Kennedy: When hope goes up in smoke

Contributed photo
Contributed photo
photo Mark Kennedy

View other columns by Mark Kennedy

Justin Carroll and Tammy Harris are homeless but not helpless.

A fire that destroyed Tammy's Rossville trailer last month has left the couple scrambling for shelter and living hand to mouth. When I spoke with them last week at a Taco Bell in East Ridge, they had just checked out of a motel room they had rented with money they got from selling scrap metal.

The kids were staying with family, they said. Meanwhile, 30-year-old Justin, who is between jobs, was thinking about selling plasma that day to pay for a campsite.

Tammy, a 29-year-old divorced mother of four and college student, has a photo of the burned house on her mobile phone. It looks like it was hit by a bomb.

She explained what happened: On the morning of Tuesday, May 3, Tammy says she put a load of clothes in her washing machine and left her house for an interview seeking an internship with her local police department.

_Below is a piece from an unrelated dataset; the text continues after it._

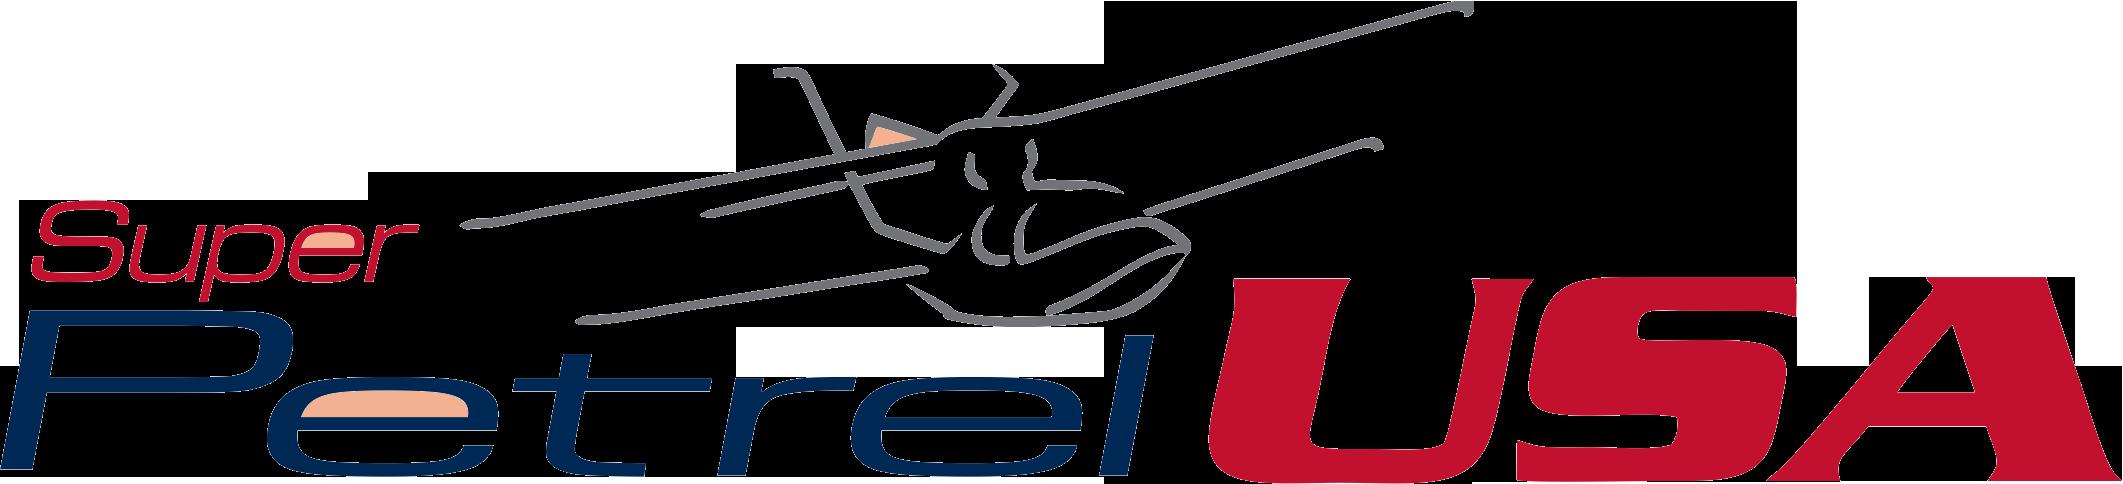 Super Petrel USA Logo

She was a couple of miles down the road when her mother, who was babysitting two of Tammy's children, called her cellphone with a frantic message.

"The house is on fire!" she said.

"What do you mean, the house is on fire?" Tammy exclaimed.

"Smoke's everywhere," her mother reported.

In the few minutes it took Tammy to race home, the little trailer was set ablaze. Her mother said by the time she got the kids out the windows already had blown out of the trailer. The shock of seeing the scene caused Tammy to have a seizure, she said.

Meanwhile, the fire engulfed the trailer so quickly little was salvaged. Burned were the kids' baby pictures, new bicycles, all the family's household goods and a pet tarantula. The home was uninsured.

"If the fire was a movie it would have been called 'Gone in 60 Seconds,'" Justin said.

"I've raised four children in that home," Tammy said. "It's the only home they've ever known."

Justin explained that he and Tammy have been together for a couple of years. They first knew each other in elementary school in Chattanooga Valley.

Justin said he was recently hurt while working as a temp at a machine shop. Meanwhile, Tammy recently earned her GED. She has enrolled in Georgia Northwestern Technical College in Rome, Ga., and has visions of a career in criminal justice. Together, they have five children from previous relationships, all under age 12.

Most of the housing options they have looked at are for a maximum of four people, they said. When all the children are together, they need shelter for seven. They have a tent, but it will only sleep three. Sometimes they sleep in a public park.

Justin said he and Tammy went to Wal-Mart shortly after the fire and became emotional when they realized they didn't even have the basic necessities such as toothpaste and deodorant. They got help from the Red Cross for a few days, but the resources soon ran out.

"I'm trying to find work now, but I don't have the proper clothes," Justin said. "Every day I wake up in a hotel or a tent, and it's like, 'Now what?'"

I checked back with the pair Tuesday. They had found enough money for two more days of lodging. Justin said he is looking for work, and Tammy is hunting for an affordable apartment.

Meanwhile, they mark time in the ranks of the homeless.

All it took was a small electrical fire to put them on the streets.

Tammy is hoping for help to find shelter for her family. She has set up a GoFundMe account at www.gofundme.com/239u744. She also gets mail delivery at 11 Walter's Lane, Rossville, Ga. 30741.

"[My children] lost everything they had," Tammy wrote on her GoFundMe page.